Then as we heard about Italy, France, etc, my view shifted, and I viewed the lockdown as a necessary evil.
I've now swung back the other way. Time will tell, but I really think that subsequent research we'll show that we took a huge problem - a covid pandemic - and turned it into two huge problems - a pandemic along with significant swaths of our economy getting destroyed.
The argument to flatten the curve, beyond preventing exceeding hospital capacity, which is absolutely a critical goal, was also that those of us who are not at serious risk could spread to those who _are_ at risk, and therefore everyone needs to act in lockstep. Well, if you take a systems-level view, absolutely the best thing a non-at-risk person can do is get exposed to covid, fully quarantine themselves, and then return to daily life. Having a huge swath of the population with immunity is the best way to protect our at risk population. (In a perfect world, we could culture sars-cov-2 and voluntarily expose ourselves - basically a vaccine except you're exposing yourself to the real deal and not a virus rendered inert)
Also, back on the "exceeding hospital capacity" point, it is precisely those at-risk who are filling up hospitals and needing intubation or ventilation. So we can have a huge portion of the population who is not at risk still living their lives (with some adjustments), and the effect on hospitalizations would really not be that bad as a result.
I'll be closely following Sweden's data over the next months. I'm very curious how their strategy pans out.
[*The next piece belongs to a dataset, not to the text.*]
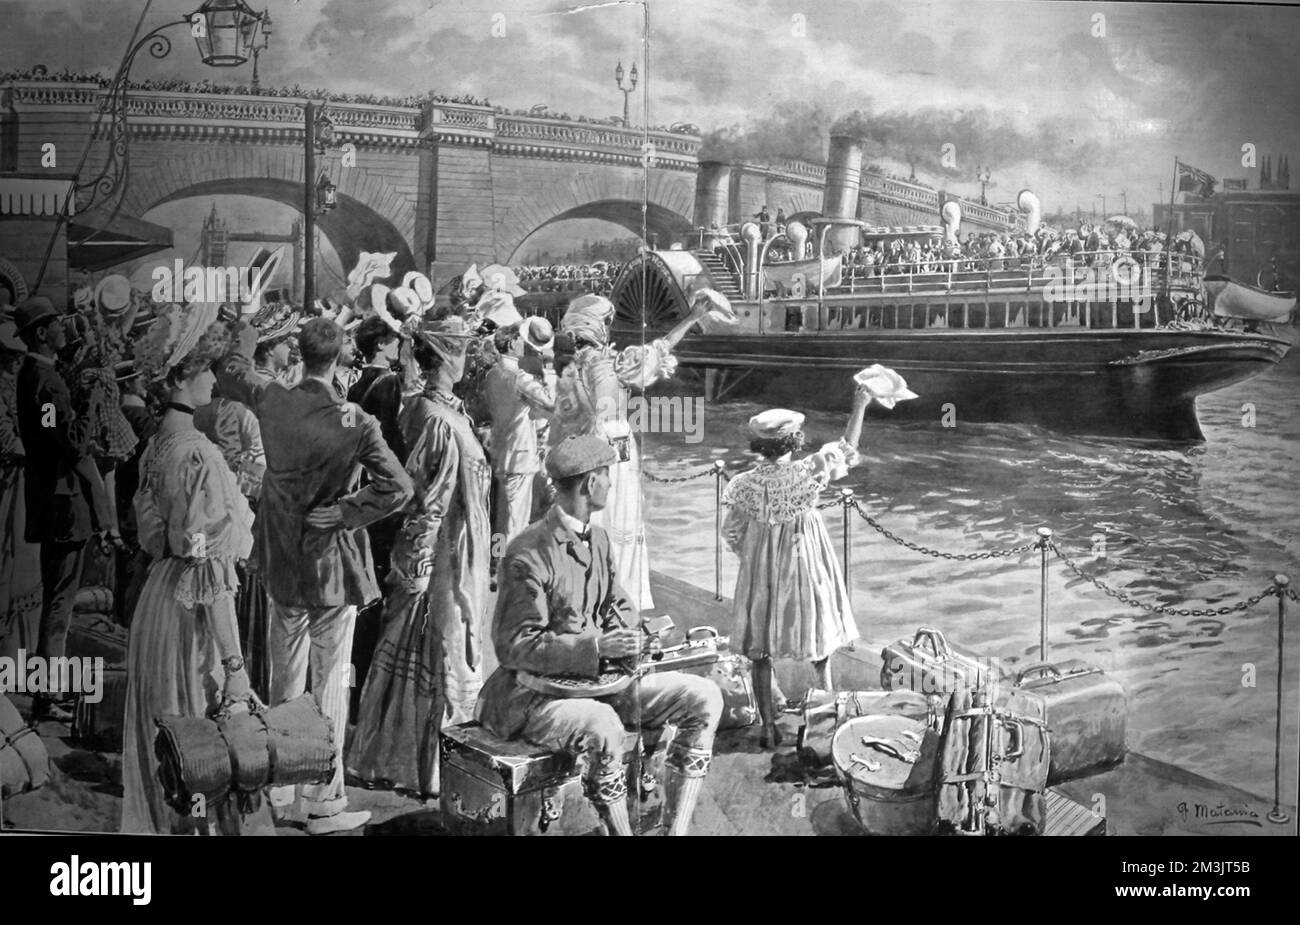 New Palace Steamer, il 'Koh-i-noor' che lascia l'Old Swan Pier per Margate. Lo Sphere soprannominato il viaggio come "il viaggio lungo il fiume che porta salute ai londinesi stanchi". Data: 1906 Foto Stock

The problem with this kind of "systems-level view" is that individual humans are not cogs in a system. What you propose here is asking every non-at-risk person to take an unknown, but possibly as high as a percent or two, risk of dying. I doubt many people will take you up on that. I certainly won't.
I think the best you're going to get along these lines is to find out, once widespread antibody testing is available, how many people have already been exposed to the virus without knowing it. If that number of people turns out to be large enough, it will be a lot easier to get things back to something approaching normal.
This is a complete farce. 1-2% of dying in not-at-risk individuals? We know that the diamond princess, the cruise where we tested everybody, had around a 1% mortality rate, and that was with a bunch of at-risk individuals (the elderly, in this case). That basically gives us an upper bound IFR, and other data coming out from places like Germany is putting us closer to .2-.6% IFR.
But yes, if someone has extreme anxiety that they are going to die from covid, even despite evidence to the contrary, they should absolutely stay at home. No one should be forced to go outside, but unfortunately in many parts of the world people are being forbidden from going outside practically at all.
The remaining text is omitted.